Blog oder Social Media: Worüber Blogger diskutieren

Worüber tauschen sich Blogger neuerdings aus? Na klar, liegt ja nahe: Was nutzen sie lieber, den Blog oder Social Media? Case closed, oder? Ich meine, das ist nun mal ein Thema im Bloggerschnack im Bloghexe-Forum. Irgendwie bin ich da ja noch Teil davon. Ich müsste mich da echt mal wieder mehr engagieren. Vor allem, nachdem ich mir viel Social Media – oder was manche dafür halten – vom Hals geschafft habe. Aber gucken wir mal nach dem Thema.

Mama, die fragen da nach Blog oder Social Media!

Warte mal, ich soll von meiner Content-Strategie erzählen, weil „wir zwischen Blog, Instagram, TikTok, Pinterest und Co. jonglieren“. Das glaubt ihr? Na gut, dann mal meine Antworten, und es wird nicht allen gut gefallen:

  • Auf welchen Plattformen bist du aktiv und wie oft? – Ich habe mir LinkedIn, Twitter, Facebook und Instagram inkl. Threads vom Hals geschafft. Nebenbei läuft noch ein bisschen Fediverse und ab und zu ein bisschen Bluesky.
  • Wie entscheidest du, welcher Content wohin gehört? – Echt jetzt? Wo soll ein Blogger seine Inhalte veröffentlichen? Nehme ich den Blog oder Social Media? Natürlich nehme ich meinen Blog dafür.
  • Nutzt du Plattformen strategisch unterschiedlich oder sind sie alle Teil eines großen Ganzen? – Ich glaube nicht an das Große Ganze.

Erzähle von deinem Ansatz, deinen Erfolgen, vielleicht auch von gescheiterten Experimenten – und lass uns voneinander lernen, wie wir unsere Inhalte optimal auf verschiedenen Kanälen präsentieren können.

Mein Haus, mein Auto

Ich hab da ja grad noch das Zitat aus dem Aufruf von Sari reingeballert. Machen wir es kurz: Welcher Ansatz? Welche Erfolge? Ich komme da einfach nicht mit. Ich verfolge doch keinen Ansatz. Es geht mir nur darum, meine verschriftlichte Geschwätzigkeit zu bündeln, und das geht nun mal nur im eigenen Blog. Habe ich damit Erfolg? Was heißt das? Wie misst man Erfolg als Blogger? Die Frage Blog oder Social Media stellt sich für mich eigentlich nicht.

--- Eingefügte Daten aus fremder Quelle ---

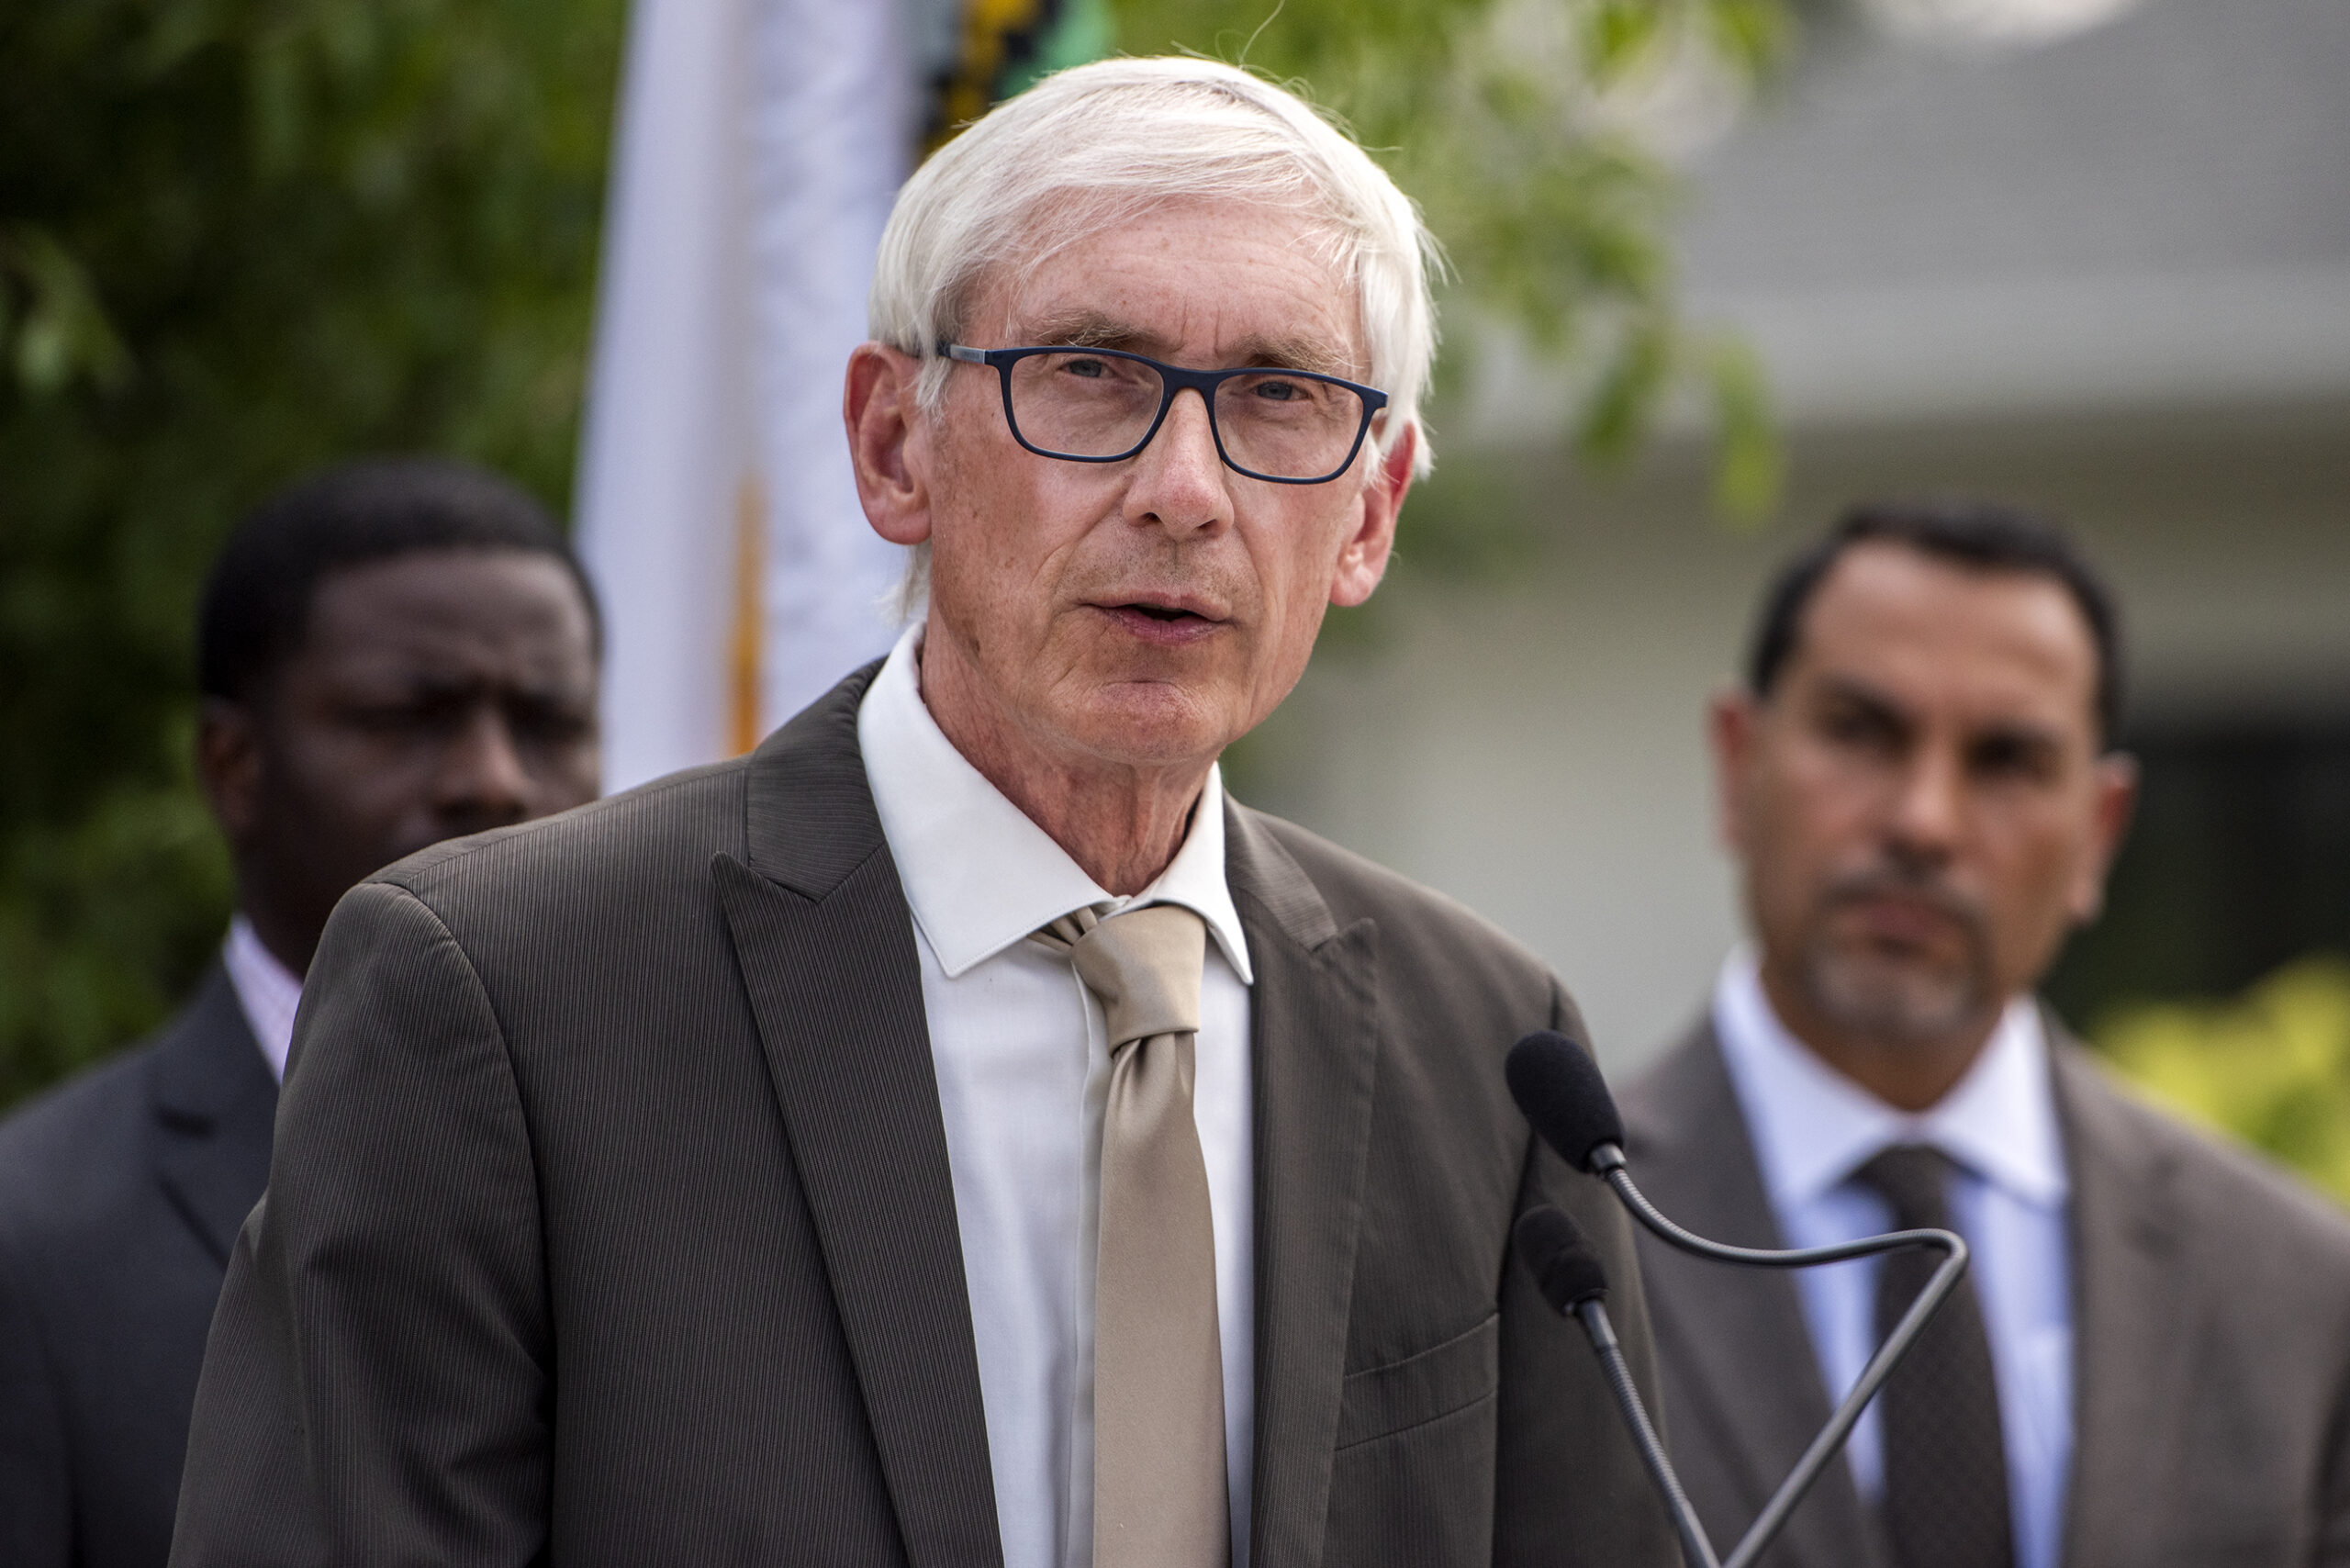 Gov. Tony Evers stands outside at a microphone during a press conference.

Ich habe viele Experimente gemacht. Oben in der Aufzählung habe ich Pinterest unterschlagen, was einfach nur ein schlechter Witz für einen Blog wie meinen ist. Aus all dem habe ich eines gelernt: Mein Blog ist meine Homebase im Internet. Das erzähle ich auch nicht zum ersten Mal. Alles andere – also Fediverse und Bluesky – ist alles nur Beiwerk. Wenn alles, was ihr Social Media nennt, abgeschaltet werden würde, würde es meinen Blog dennoch noch geben.

Demzufolge gibt es für mich das Thema Blog oder Social Media nicht, es würde immer der Blog gewinnen. Ob das optimal ist? Keine Ahnung. Spielt das denn eine Rolle? Ich weiß halt nur: So lang mein Hoster nicht einpackt und ich mich an die Gesetze halte, habe ich es komplett selbst in der Hand, was hier passiert. Das ist bei Social Media halt nicht so. Ich weiß nicht, warum sowas überhaupt debattiert wird.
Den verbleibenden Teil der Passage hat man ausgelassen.